3. Alberta on my mind
My beef continues to be with Alberta. In my rebuttal to Dr. Wickes’ letter to the editor, I wrote “Where’s the beef” in March 2016. In this article, Dr. Chad Kulak, the president of the Alberta College and Association of Chiropractors (ACAC) insisted that the utilization rate in Alberta was 27 per cent (over double the national rate). However the economic downturn crushed Alberta and it was reflected across the province with unemployment rates over 10 per cent for the first time in 22 years. Still though, the ACAC 2016-2017 Annual Report stated that the utilization rate was still quite high (24 per cent). This was suspect because in a Financial Post article dated November 2016, the newspaper reported the increased unemployment rate in Alberta had hit the medical profession, hard. In fact, Alberta chiropractor Dr. Brad Kane told the newspaper that in his estimation patient volume had fallen by 15 per cent since early 2015. This is very interesting because Dr. Brad Kane was also an ACAC council member with Dr. Kulak in 2016-17. So clearly there are two very different messages here. I question how some associations compile and present their statistics and I wonder how significant their confirmation bias is when they report their findings.
4. Youth movement
The most interesting observation from our latest survey is that 35 per cent of the respondents reported earning more than $100,000 last year. This is down from 50 per cent one year ago. I believe this could be attributed to two things:
a) There has been an increase in multidisciplinary practices, so likely DCs are leveraging their time so that they work a little less so that they can generate more passive income by farming out their office space to other health professionals.

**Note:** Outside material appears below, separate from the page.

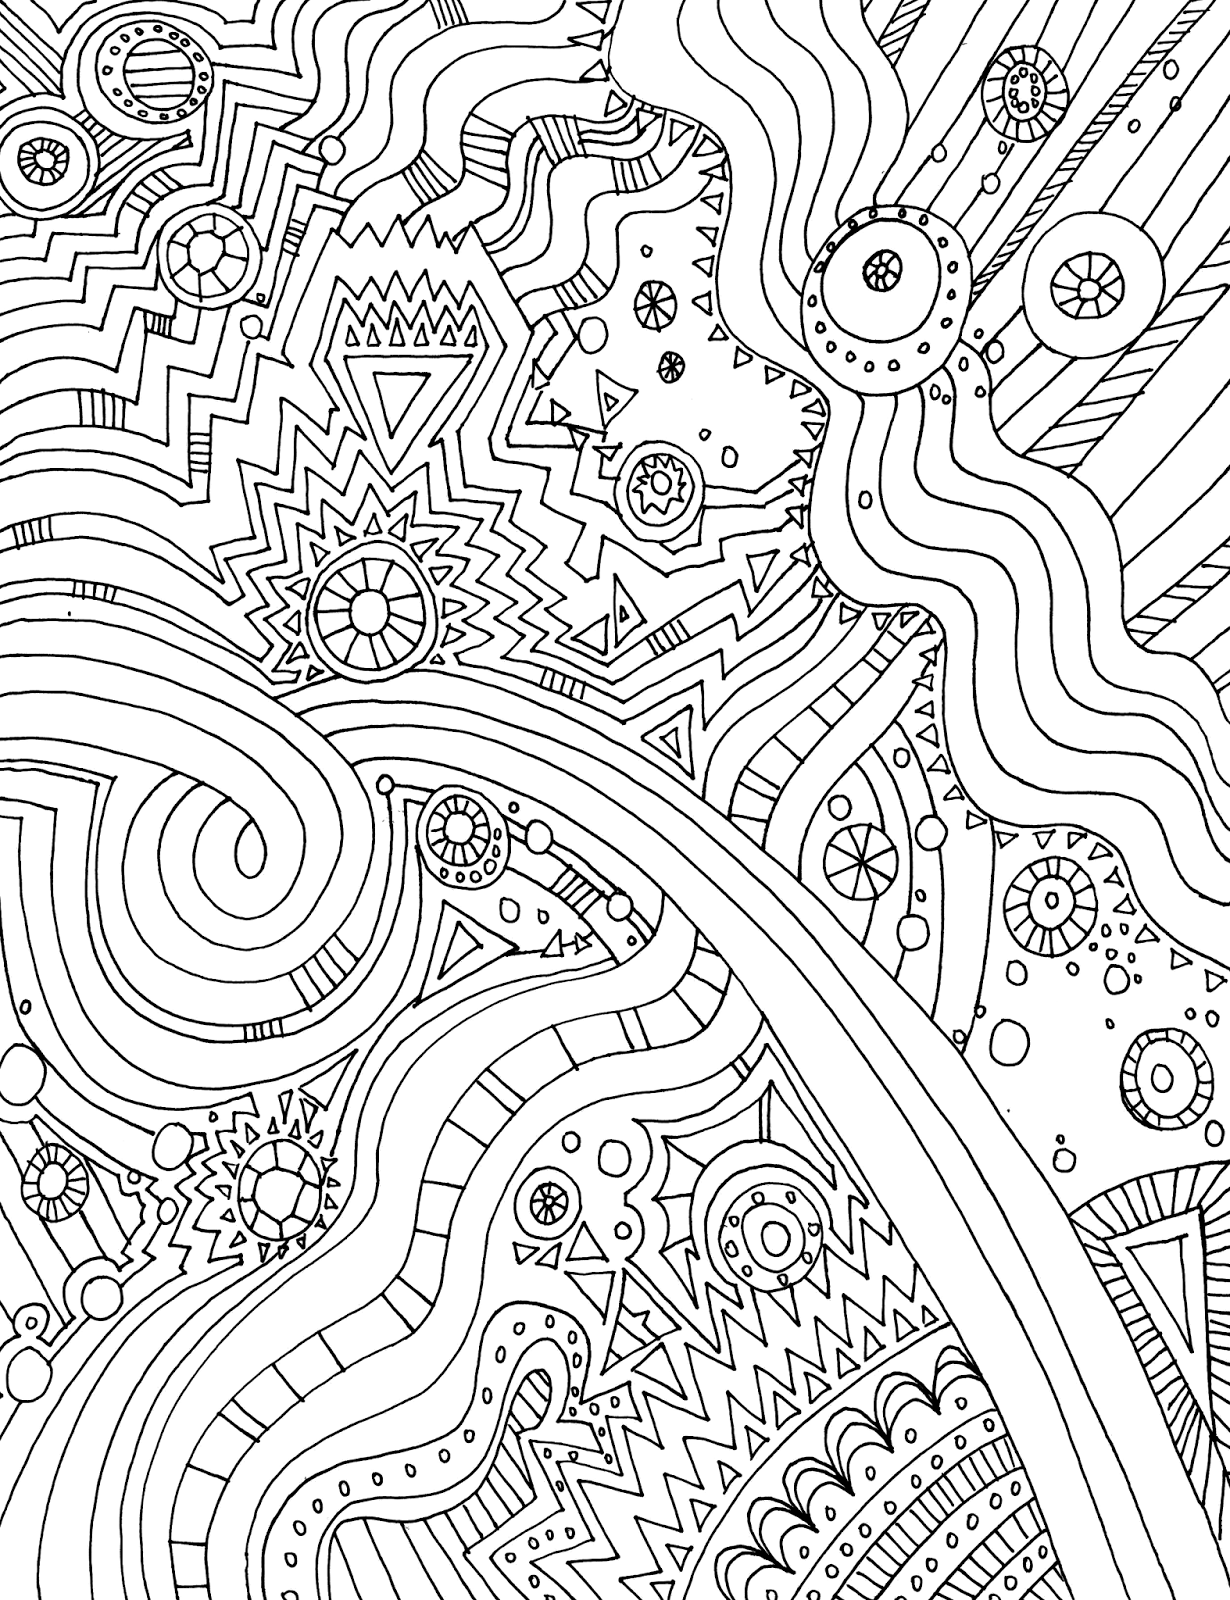 Printable Doodle Coloring Pages

b) Last year, according to CCO statistics, there were the highest DC retirements in almost a decade. This would signify a youth movement in the profession and obviously drive the median chiropractic salary downward.

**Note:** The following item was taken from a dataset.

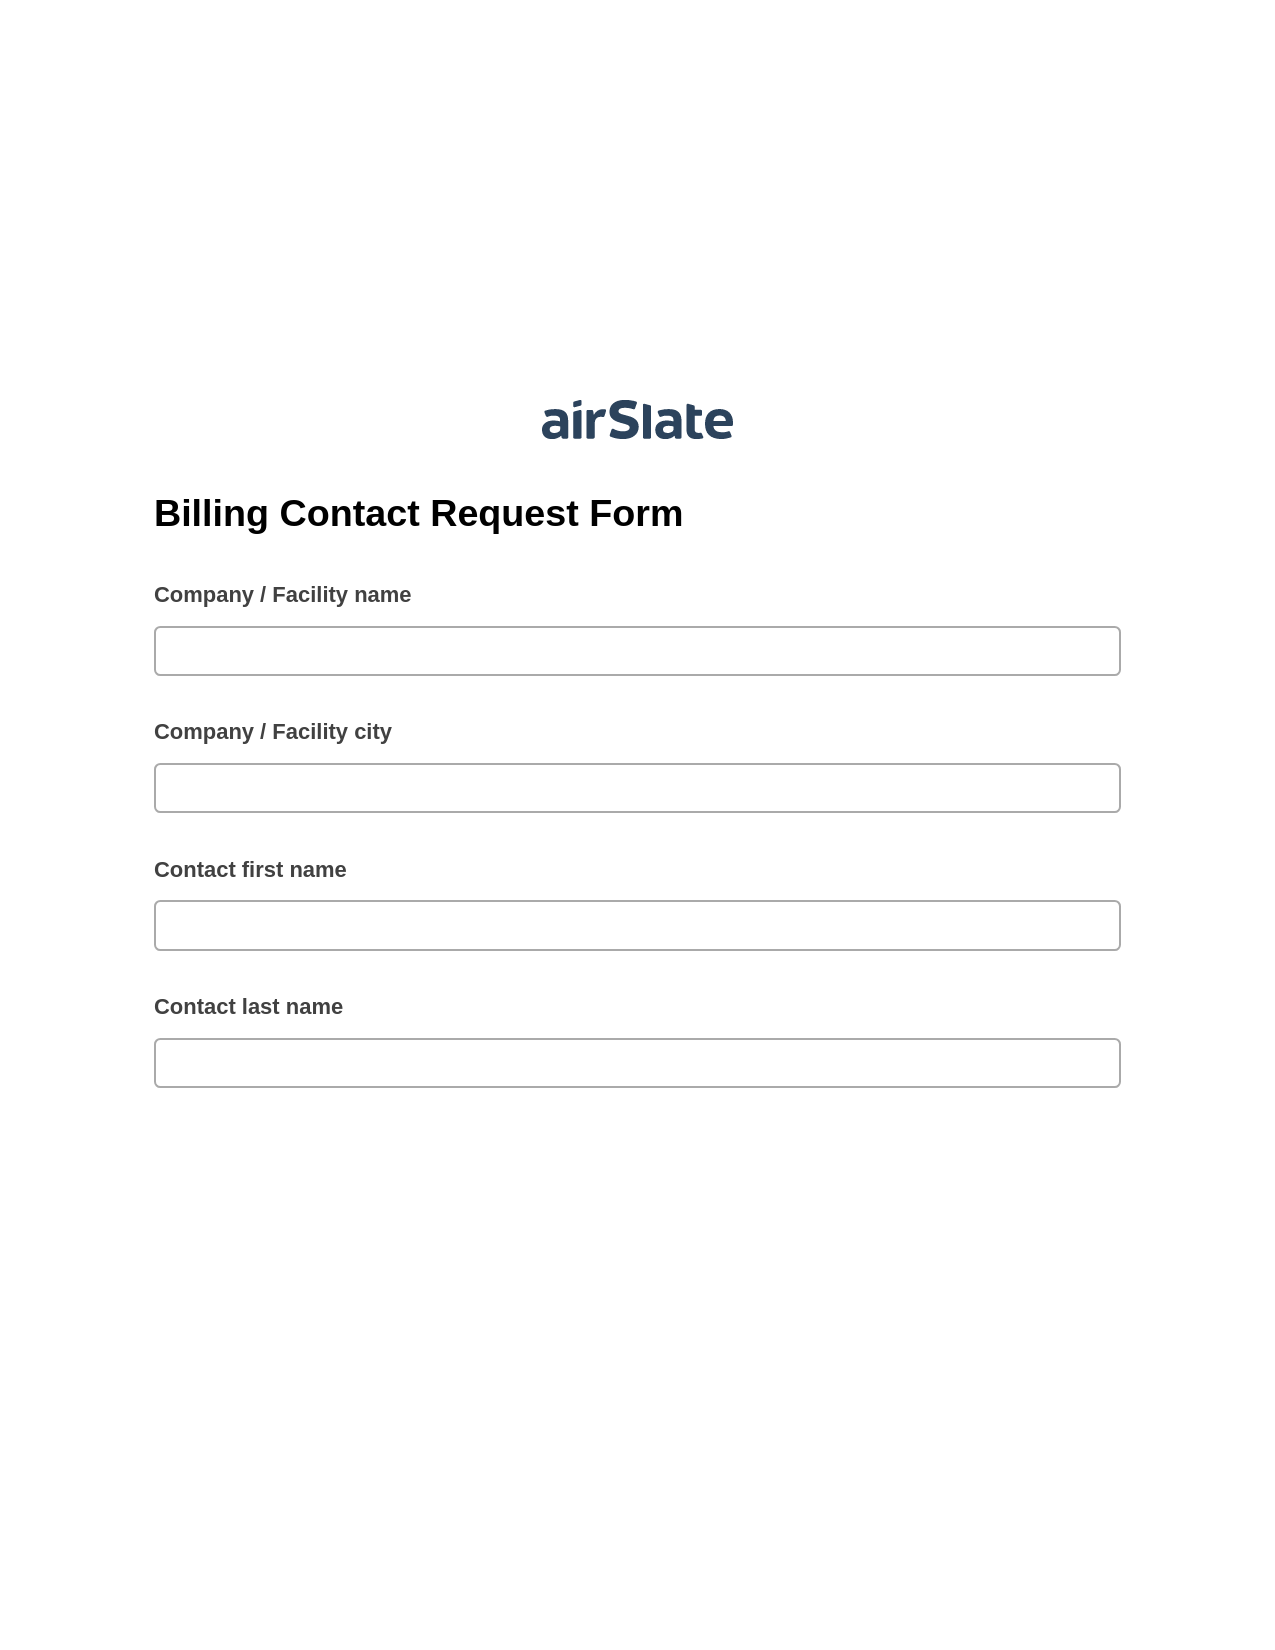 Billing Contact Request Form Pre-fill from Excel Spreadsheet Bot, Update MS Dynamics 365 Records Bot, Box Bot

There is much to be optimistic about if you are a Canadian chiropractor. The contingent is young, energetic, and philosophically on the same page. This cannot be said for many other chiropractic countries. Our recent expansion in scope of practice to include more diagnostic tests enhances our ability to co-treat patients with other allied health professionals, which bolsters our profession’s creditability and heightens chiropractic awareness to all future chiropractic patients.